Freewriting-We’ve only recently begun more regular freewriting, but my girls have always loved to buy books and write in them. Whether it be a list, copying some other writing, or putting down their thoughts, I don’t look at these unless they request help and allow them to use them in whatever way they would like. They’ve also written books for each other and themselves, which makes for some beautiful family memories.
Generous with Time-Our greatest writing success so far has been my oldest daughter’s completion of NaNoWriMo 2017! This was her idea, and she achieved her goal of writing 50,000 words. During this month, I left her to focus on writing her novel and little else. Sometimes, other things might need to be neglected for the greater good. Call me crazy, but I think composing 50,000 words should count for at least a semester of high school English.
So impressed with my 15 year old! She set a goal to complete NaNoWriMo and write 50,000 words and she did it! We had a celebration yesterday morning that included donuts and crepe paper. #homeschool #homeeducate #homeschooler #homeschooling #homeschoolmom #nanowrimo #lifelearning #selfdirectedlearning #personalgoal #bravewriterlifestyle #autodidact
What I’ve Come to Believe About Writing
Hopefully, I’ve learned something from my writing journey, and it won’t be for nought.
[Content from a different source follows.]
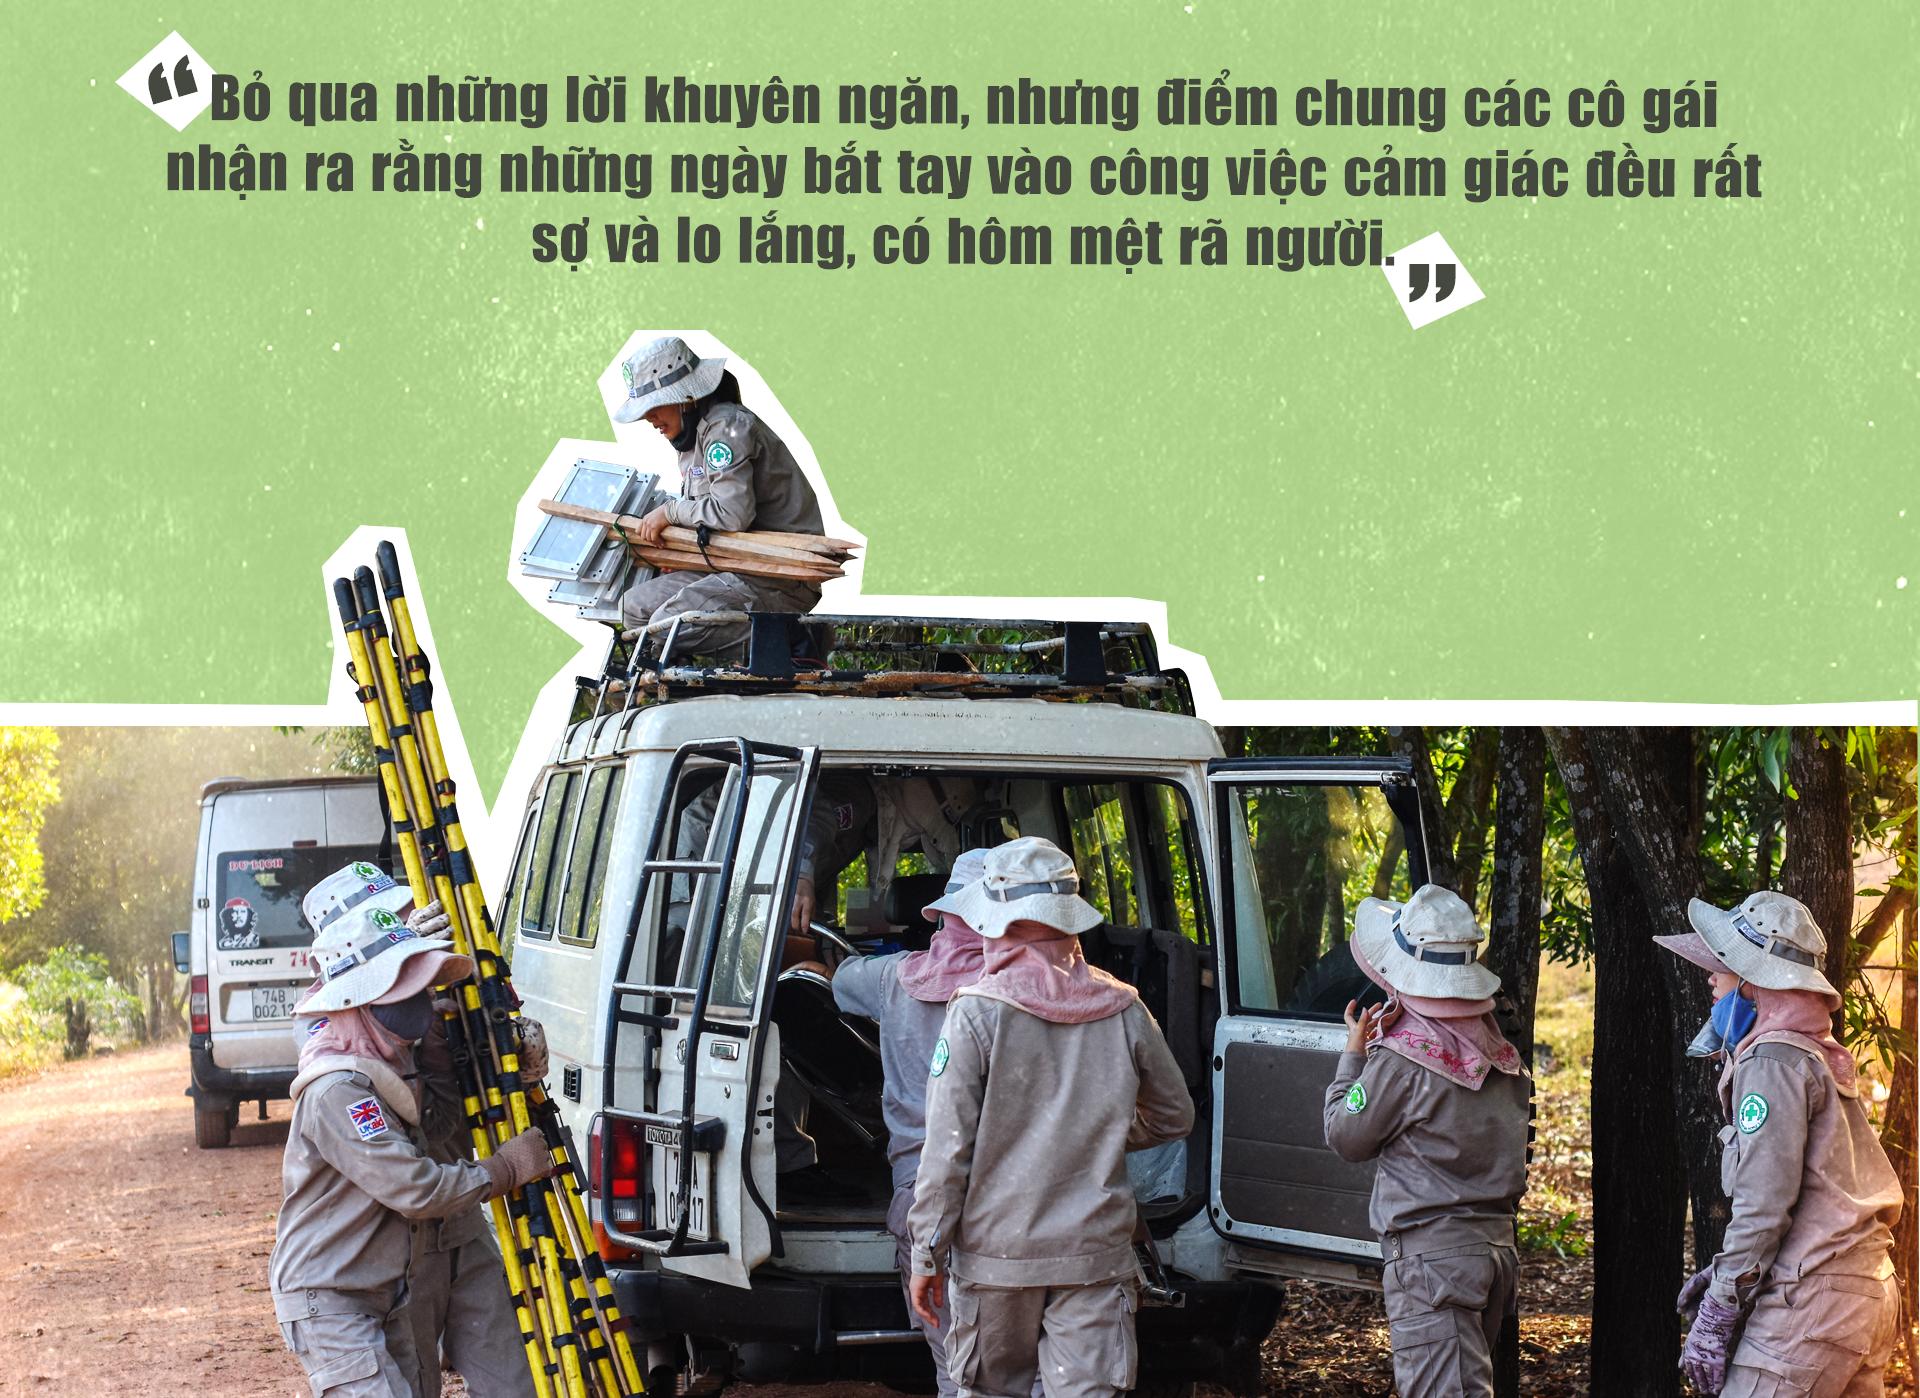 Đội nữ rà phá bom, mìn vùng 'đất lửa' Quảng Trị - ảnh 6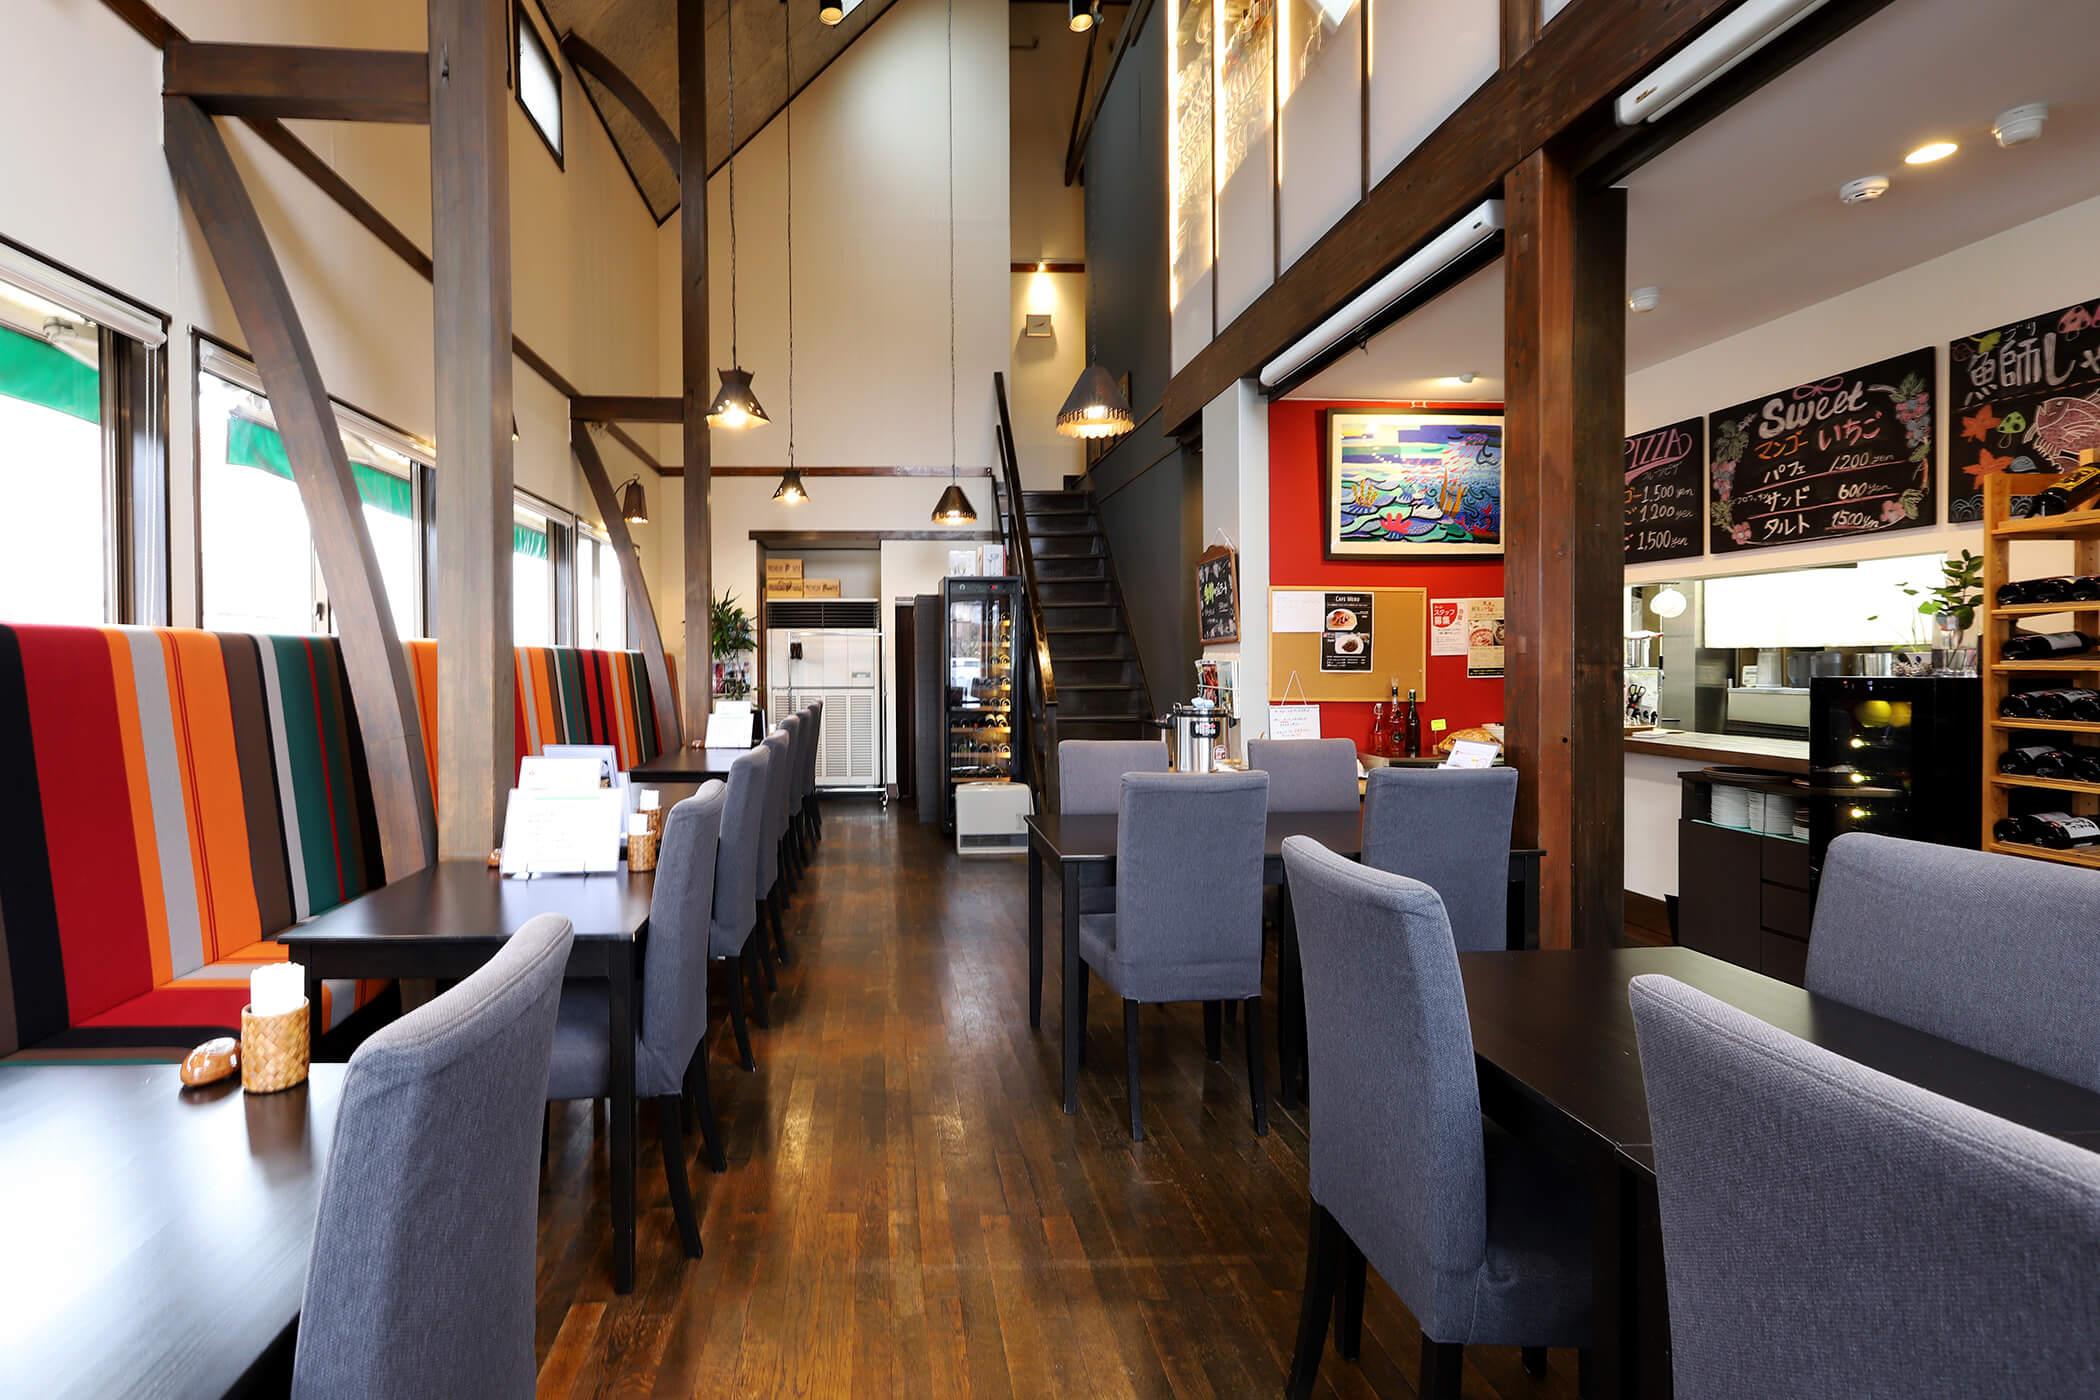 ダイニングレストラン ASYLE 写真2

I intend to give my children the space and encouragement they need to find their writing voice. Everyone is different and has a unique way of expressing themselves. Grading and red pens used to correct your thoughts can have a lasting adverse effect.
I’ve often wondered if I missed my true calling, maybe I should have been an English major? I’ll never know, but I do know that experience in high school caused a lot of anguish over writing for many years to come. Thankfully, I got old enough not to be determined by those grades, but many people never get over it.
I guess one positive effect of my experience with my writing education is that I don’t put my children in the position of having to “get over it” at all.